Custom SysId causes flaky connection?

Since our drive motors are on a canivore, my team isn’t able to use the normal SysId tool to do characterization. Instead I’m using WRueter’s version, which basically just changes a couple lines to initialize some can devices on a canivore instead of the default. I use ./gradlew run to run the custom sysid program as detailed in the readme.

I’m relatively sure this sysid program is causing connection issues with the roborio. The issue only happens on average a couple minutes after I first run a sysid test, and I’m able to ping the roborio address just fine, but if I try to establish an ssh connection the command just hangs. Restarting the robot is the only way to fix it. Here’s a picture of what the driverstation looks like.


Any ideas of what the problem could be?

I can’t speak to what might cause this from SysID, but I’ve seen three things cause similar problems.

  1. Using the roboRIO’s onboard I2C connection.
  2. Plugging something into the radio’s second port.
  3. Windows firewall

P.S. I didn’t realize SysID doesn’t support CANivore, that’s a bummer. We have a CANivore on order and are planning to use it for our 2023 drivetrain.

There’s an issue open for CANivore support, but it’s not been done yet. Contributions welcome! https://github.com/wpilibsuite/sysid/issues/406

1 Like

I’m hoping there will be routines one can call to pass data between the robot and the SysId utility, so that a custom robot project (perhaps running in test mode) can be used. This would make the tool slightly harder to use for teams that chose to go this route, but would be very flexible. :slight_smile:

The “latest” docs do not mention this though…

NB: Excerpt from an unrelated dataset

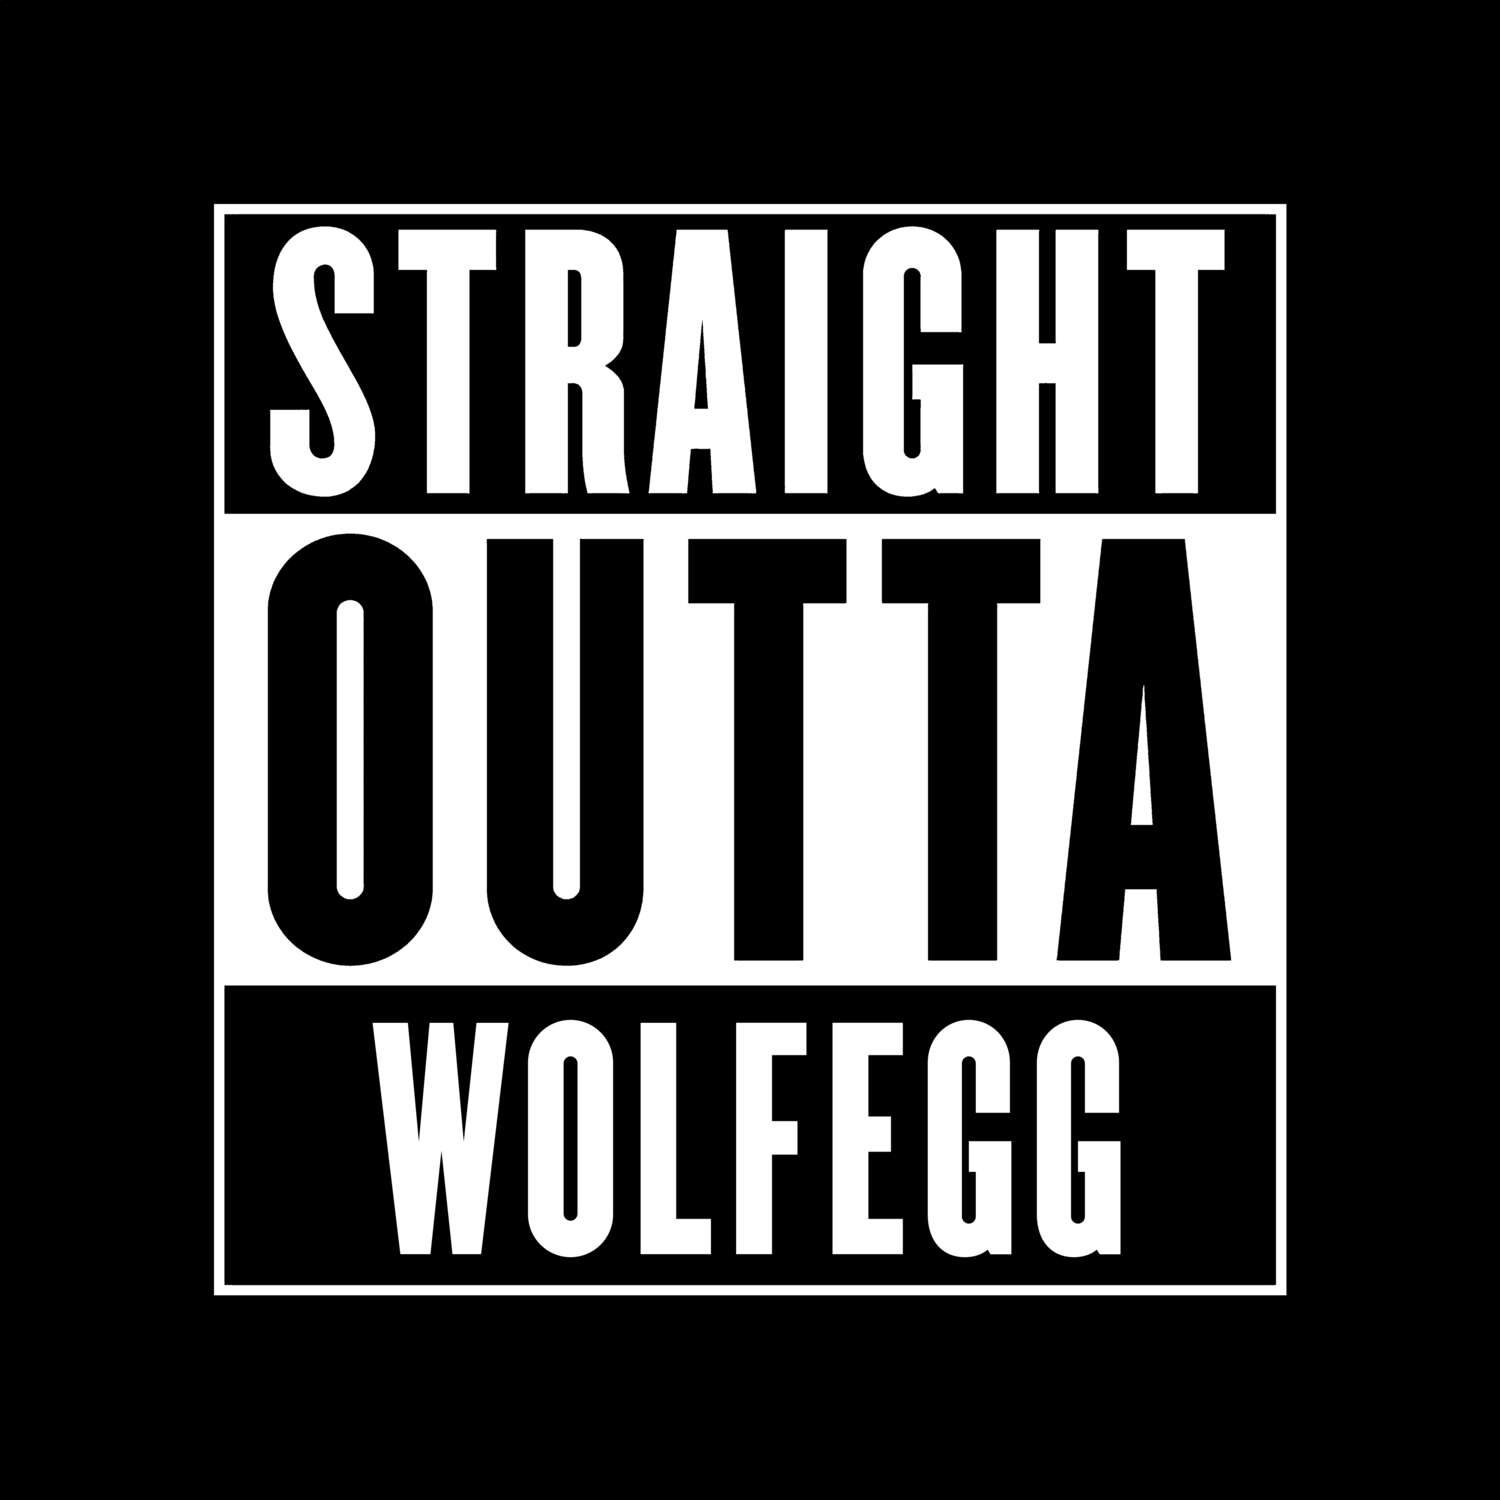 Wolfegg T-Shirt »Straight Outta«

I don’t believe this is being planned, or even being looked at. The fundamental problem is a number of measurements are very dependent on having good timing on the robot side. So you can’t just toss some calls into your Java robot code and hope to get good results out the other end of analysis.

If someone wrote a Java version of sysid/sysid-library at main · wpilibsuite/sysid · GitHub, we would accept it. However, as @Peter_Johnson mentioned, we can’t guarantee any temporal noise bounds on the recorded data in Java. The ordinary least-squares formulation we use for data analysis assumes a constant timestep.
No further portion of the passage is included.